The following algo may help
1.)Take a hash map with key as array element and value as its count.
2.)as u traverse the array update the map.
3.)the size of map should not exceed k.
4.)once the size of map is k and we encounter a new element which is not yet in the map, decrement the count of all the existing keys by 1.
5.) If there is a key with count 0, replace it with the new element, or replace the key with the lowest count with the new element.
6.)Repeat the above till all elements in array are done.
7.)Now what u have is a map with k elements, set count to 0. traverse the array again and update the count of the keys in map.
8.)check for count and if it exceeds k print it.

Hi vimalk179,

Can you please explain a bit more on below statement.
"if it appears more than
n
k
times in A."
more than nk or n/k?

public static <T extends Comparable<T>> void findKMajority2(T[] array, int k) {
		System.out.println("Finding " + k + " majority list: ");
		if (k == 0) {
			return;
		}
		if(k == 1) {
			Set<T> s = new HashSet(Arrays.asList(array));
			System.out.println(s);
			return;
		}
		Map<T, Integer> map = new HashMap<T, Integer>();
		for(int i = 0; i < array.length; i++) {
			T key = array[i];
			if(map.containsKey(key)) {
				Integer count = map.get(key);
				if(++count == k) {
					System.out.print("	" + key);
				}
				map.put(key, count++);
			}else {
				map.put(key, 1);
			}
		}
		System.out.println();
	}

The algo is O(nk).
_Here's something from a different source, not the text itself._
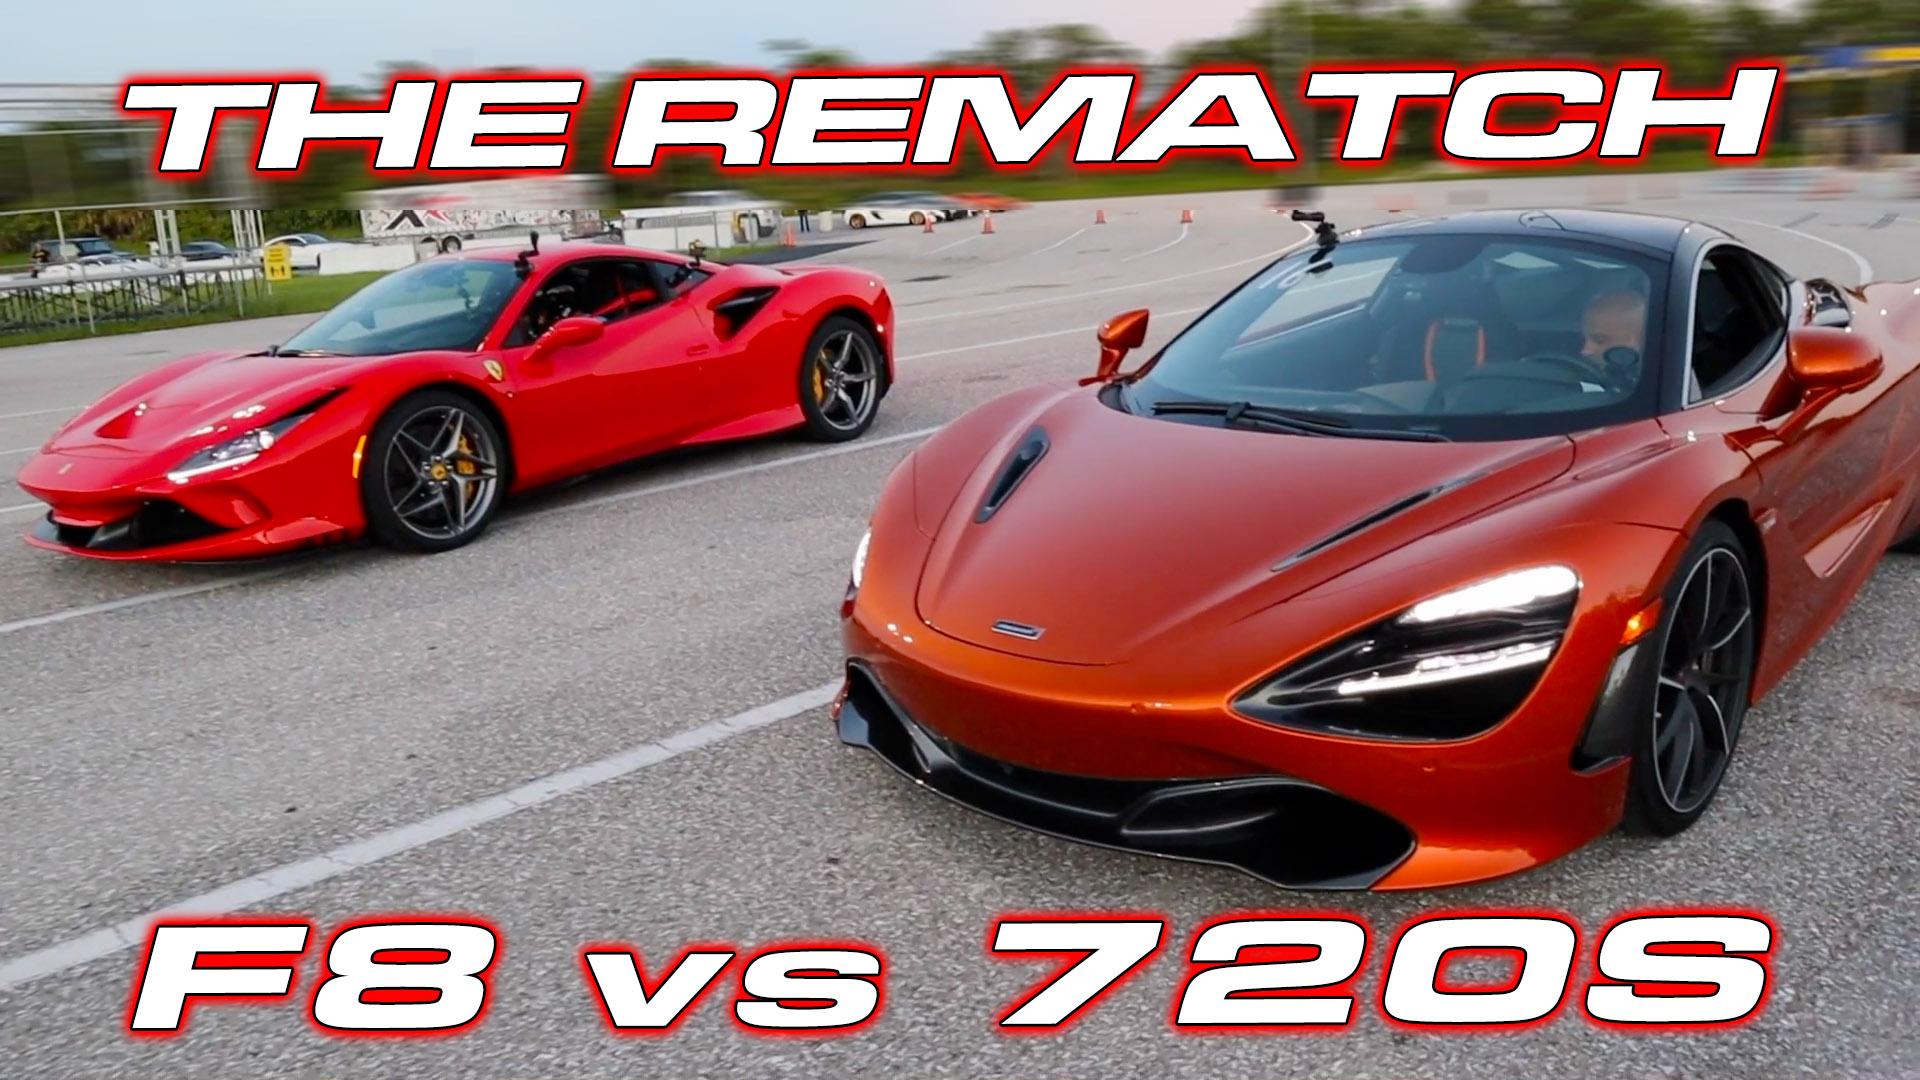 720S vs F8 Tributo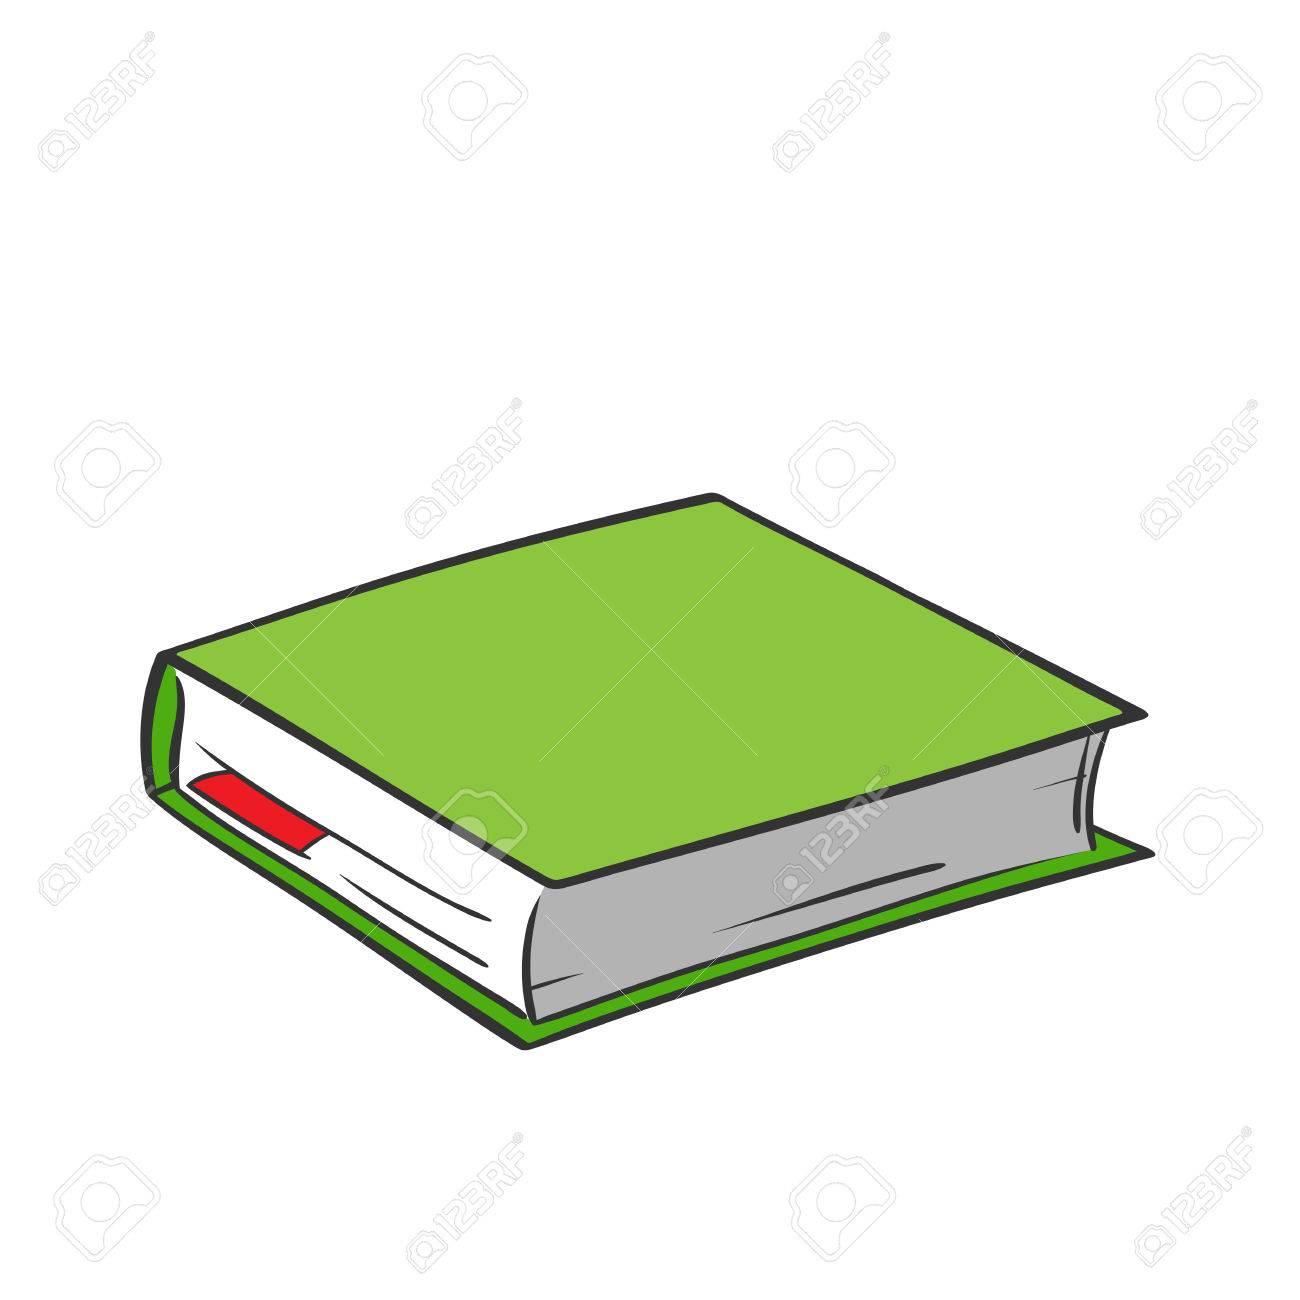 Libro Verde De Dibujos Animados Con Marcador Rojo Sobre Fondo Blanco

In the first pass u generate the map.
Now if ur map has k elements then u scan the array k times to make sure that the keys are repeated n/k times.
So the net time complexity is O(nk).

sort the array ...time complexity nlogn for sorting
then traverse the array to find if any number exist which appears more than (n/k) times in array. can be done in O(n) time.
so total time complexity nlogn + O(n)
correct me if i'm wrong.